Similarly, a "Shader" item (inside a BRF file), is merely a link to actual data (in this case, shader code) which is kept outside the .brf file, plus a few additional data like flags. In this case the actual code being pointed by the item resides in one (or two in WB) global files called "mb*.fxo" (for most of them: fewer of them are kept in separate ".pp" files).

(Note that for most other categories of BRF items that's not the case: e.g. a Mesh item contains the actual mesh 3D data, an Animation item embeds all bone-rotations and timings, a CollisionMesh item contains all the 3D data, and so on)
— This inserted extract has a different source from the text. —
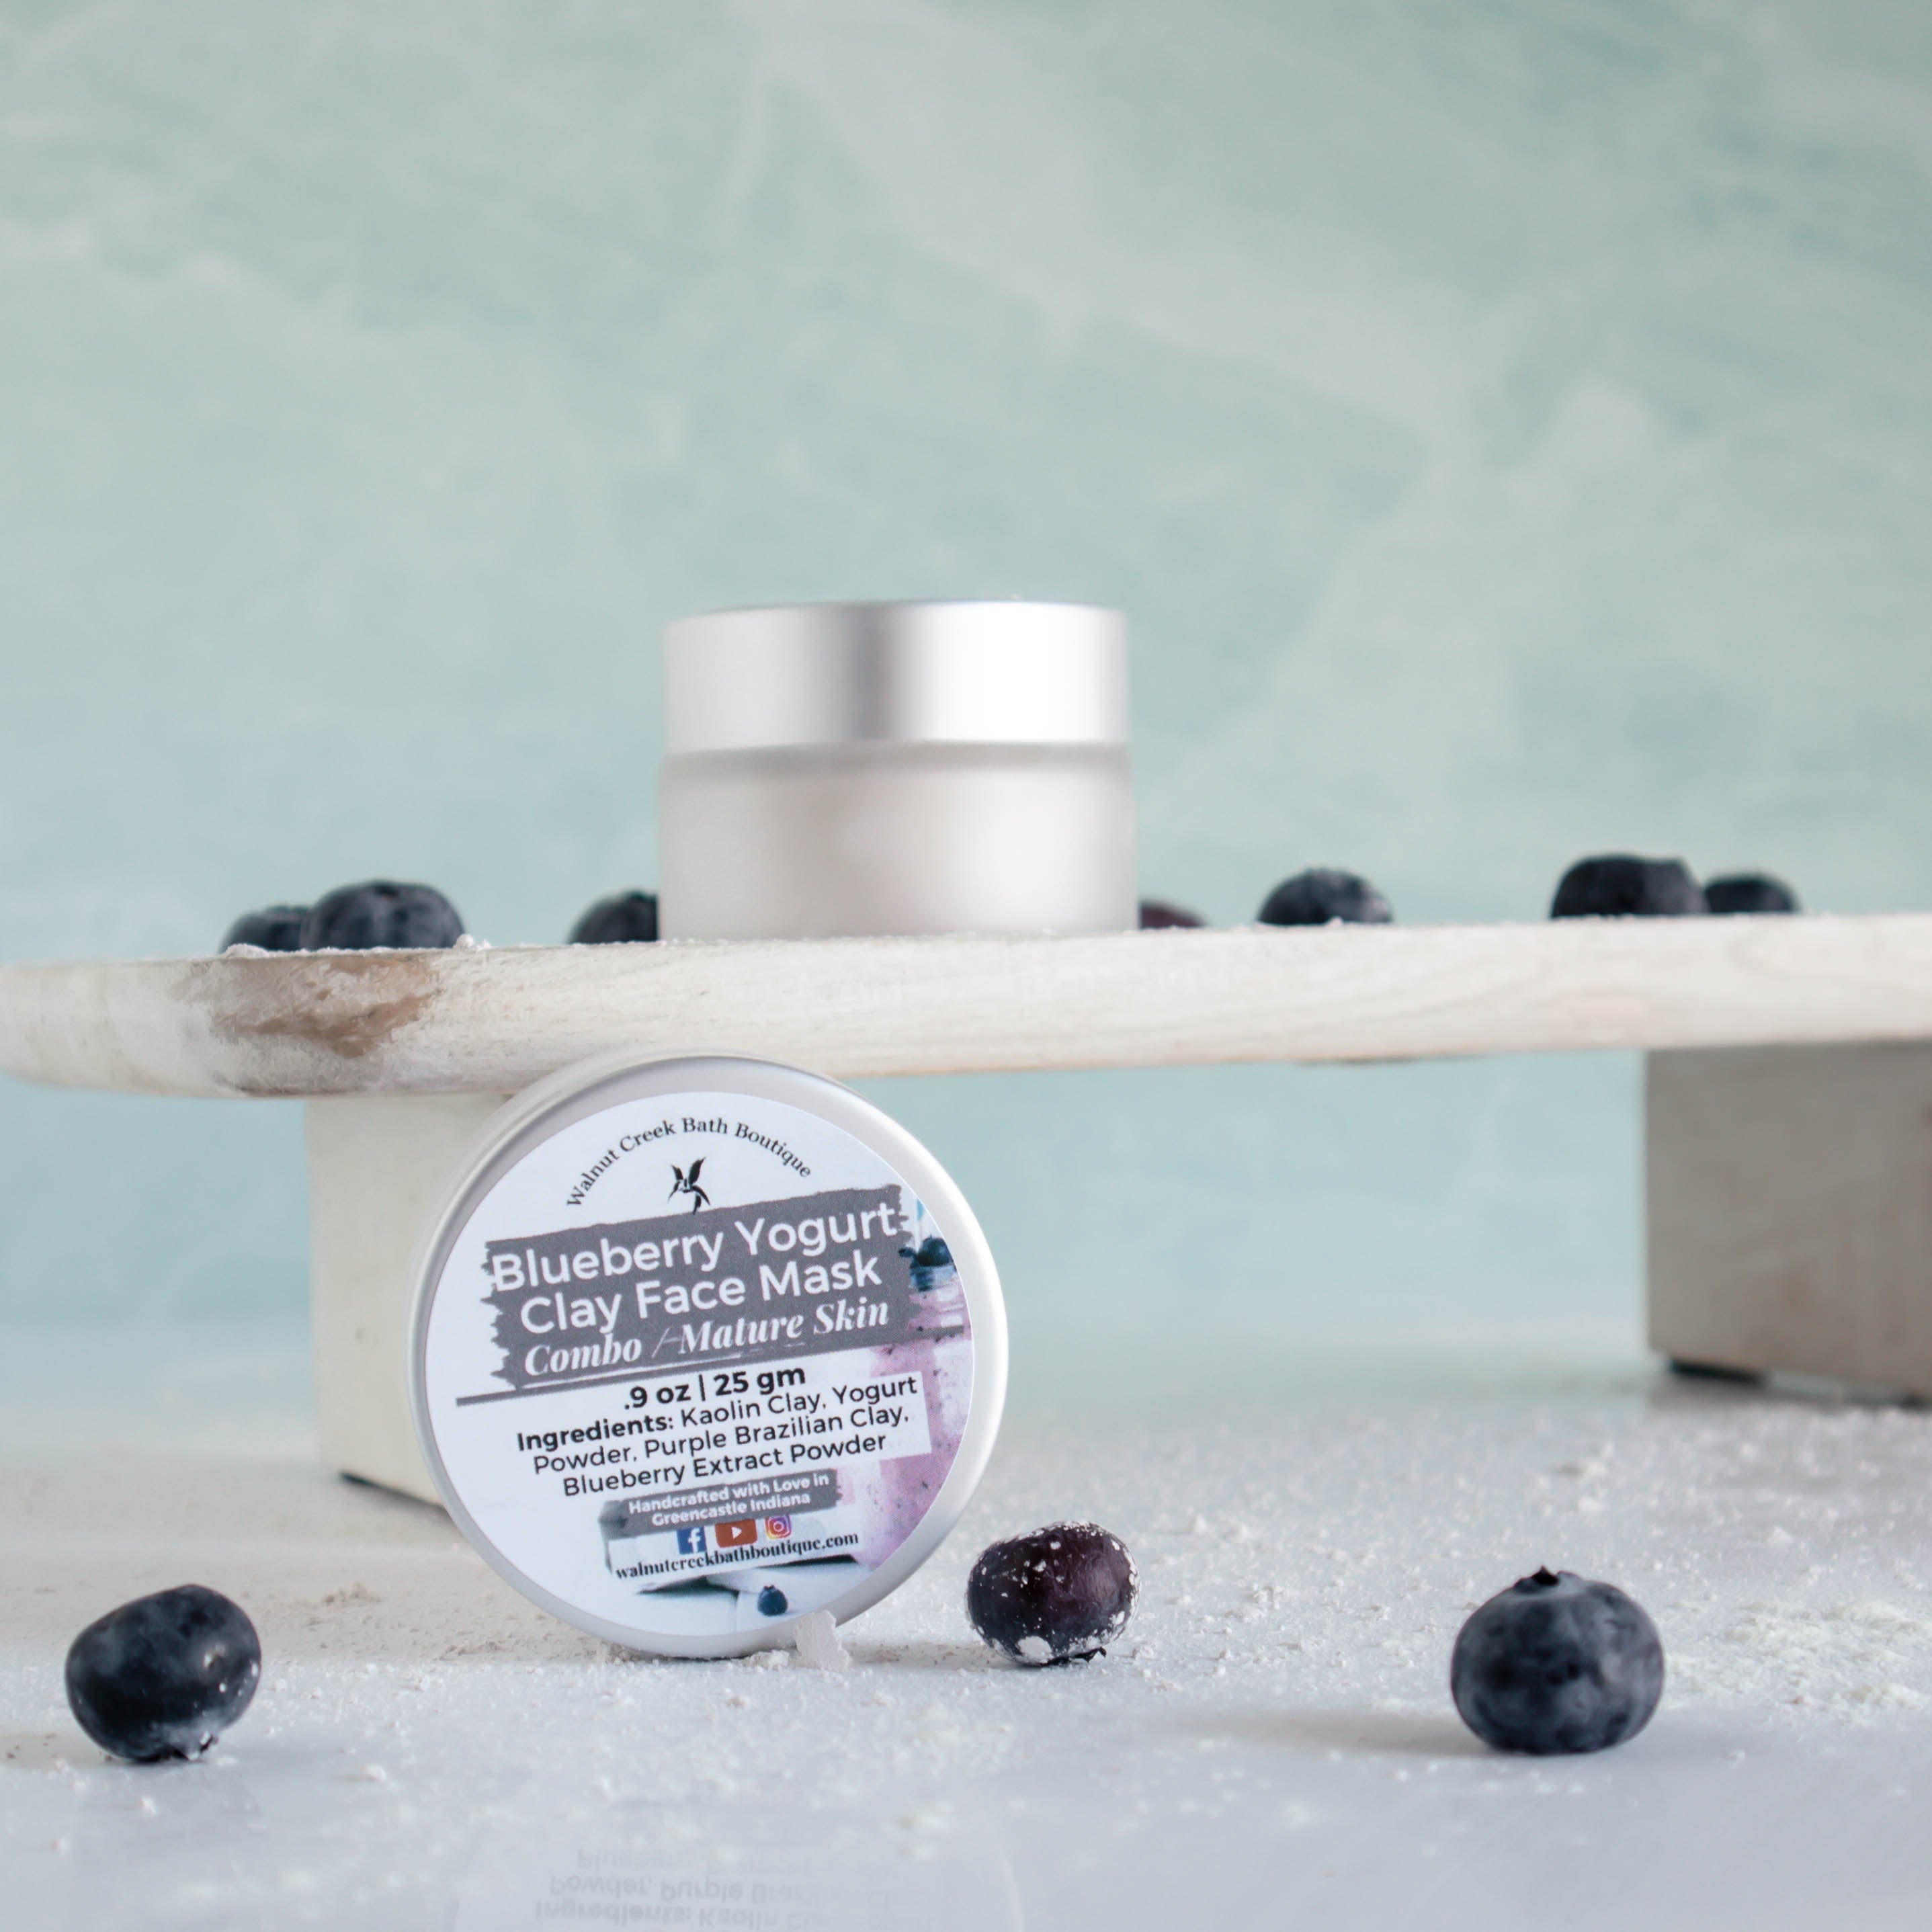 Blueberry Yogurt clay mask jar sitting on its side with another on a wooden board.. There is a dusting of clay mask powder and random blueberries surrounding all the items.

The file(s) "mb*.fxo", part of the M&B installation, is located in the in game root folder, or optionally the mod root folder (in pre-WB M&B, it has to be the game root folder). It stores a collection of pre-compiled "techniques". Here, a technique being basically the union of a vertex program and a point program (aka fragment program, aka fragment shader). The shader-item points to a  technique by name matching: a shader-item, regardless of its name, points to the "technique" specified in the field "technique", which in OpenBRF you can read (and edit) inside the Data box (in the mid panel) when you select that Shader item.

The "fxo" file(s) is a binary file and as such it cannot be directly edited in any easy way. Talesworld obtained that file as a compilation of a hi-level HLSL source file, and you can do the same to obtain your modified file. So to add a new shader you need to get that source file, edit it, and recompile it.


2. How to: add a new shader to your Mod

New shaders can be written in either ones of two languages: [HLSL] or [ARB] (follow the links for more info on them).
- [HLSL] = the high level shading language of DirectX, with "techniques" in it
- [ARB] = the low level, shared assembly like languages of GPU cards, with commands looking like three letters uppercase like "SUM" or "MAD".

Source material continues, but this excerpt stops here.